Manny Matos

Personal information
- Full name: Manuel Matos
- Date of birth: May 9, 1953 (age 73)
- Place of birth: Mineola, New York, U.S.
- Height: 5 ft 9 in (1.75 m)
- Positions: Midfielder; defender;

Youth career
- 1971–1974: Adelphi University

Senior career*
- Years: Team / Apps / (Gls)
- 1975–1978: Seattle Sounders / 28 / (0)
- 1979: Los Angeles Skyhawks
- 1980–1981: Buffalo Stallions (indoor) / 2 / (0)

= Manny Matos (soccer) =

American soccer player

Manuel Matos (born May 9, 1953) is an American retired soccer player who played professionally in the North American Soccer League and Major Indoor Soccer League.

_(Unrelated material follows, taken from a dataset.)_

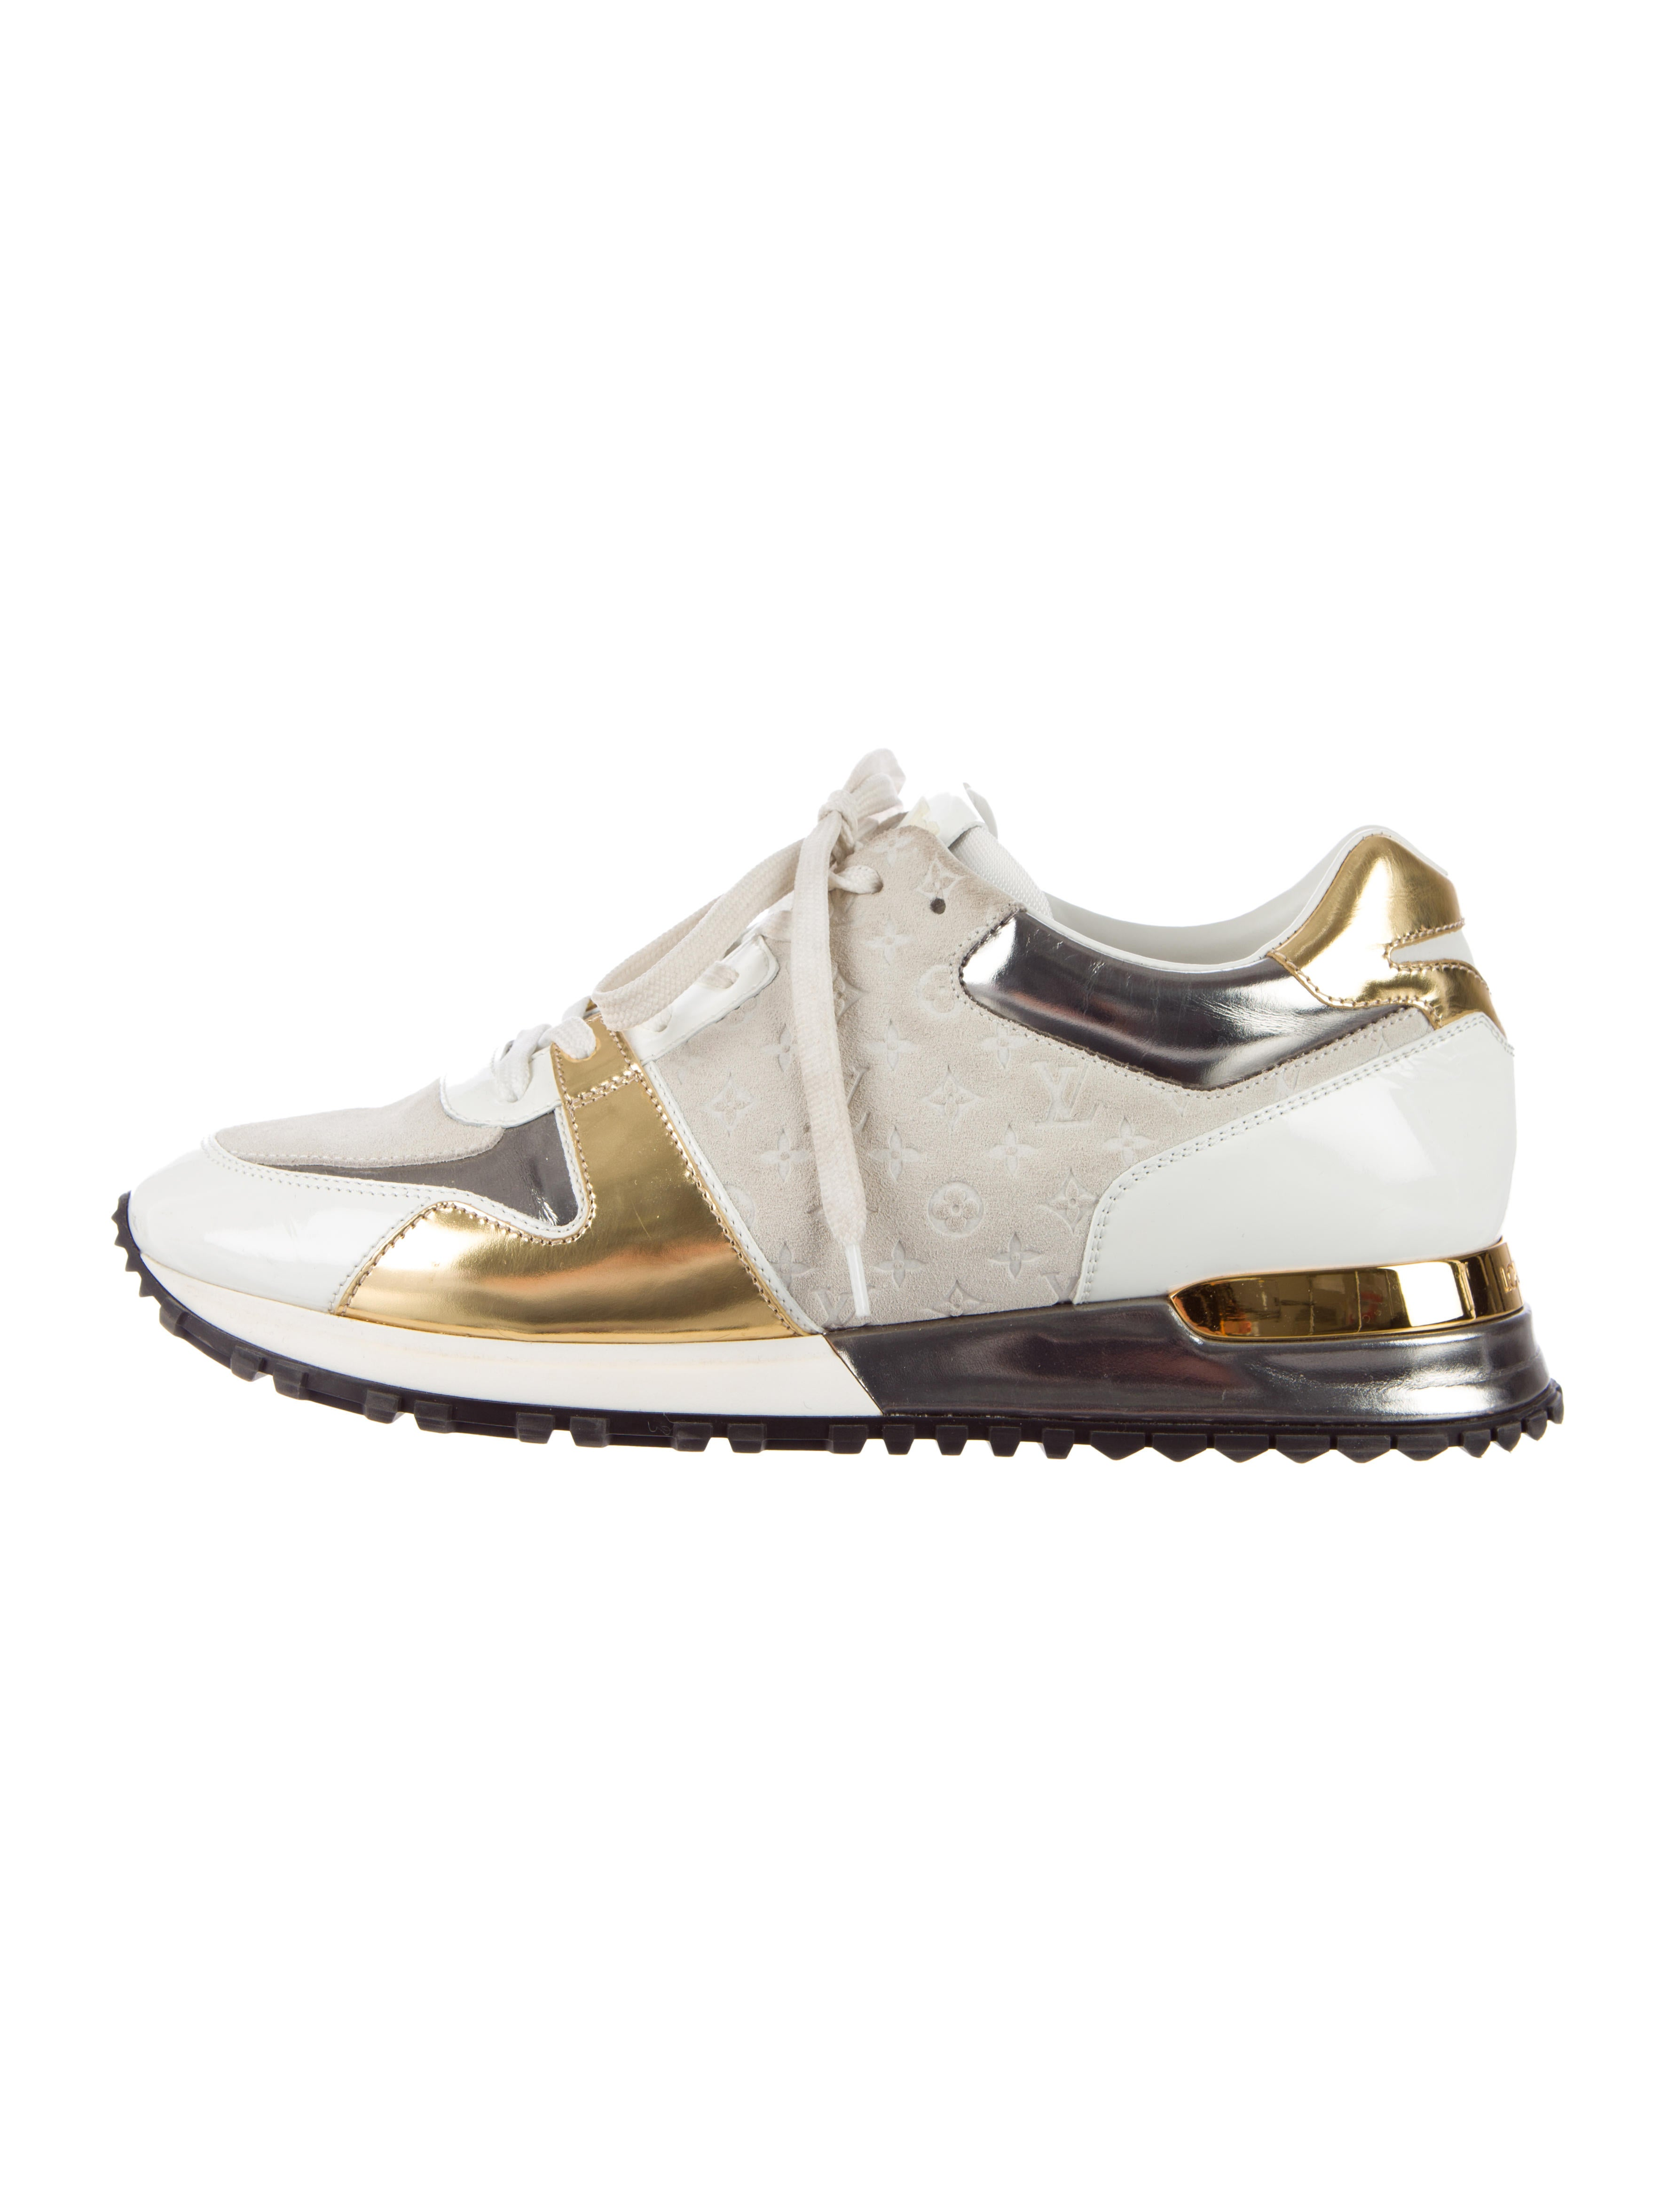 7bd6a48a4a2d Louis Vuitton Run Away Sneakers - Shoes - LOU53580

Matos graduated from Mineola High School where he was the 1970 Nassau County Soccer Player of the Year. He attended Adelphi University, where he played on the school's 1974 NCAA Men's Division II Soccer Championship team. He is a member of the school's Athletic Hall of Fame. In 1975, the Seattle Sounders selected Matos with the first pick of the North American Soccer League draft. He signed with the Sounders in February 1975, but did not report to the team until after he graduated from Adelphi in the spring. Matos spent most of his first season with the reserves before becoming a regular first team player in 1976. In 1979, he moved to the Los Angeles Skyhawks of the American Soccer League. Matos also played for the Buffalo Stallions in the Major Indoor Soccer League. After retiring from professional soccer, Matos continued to play for Portuguese Sports in the Philadelphia leagues until 1992.

In 1980 he was contracted to play with ASL expansion team the Phoenix Fire, but the team folded in pre-season.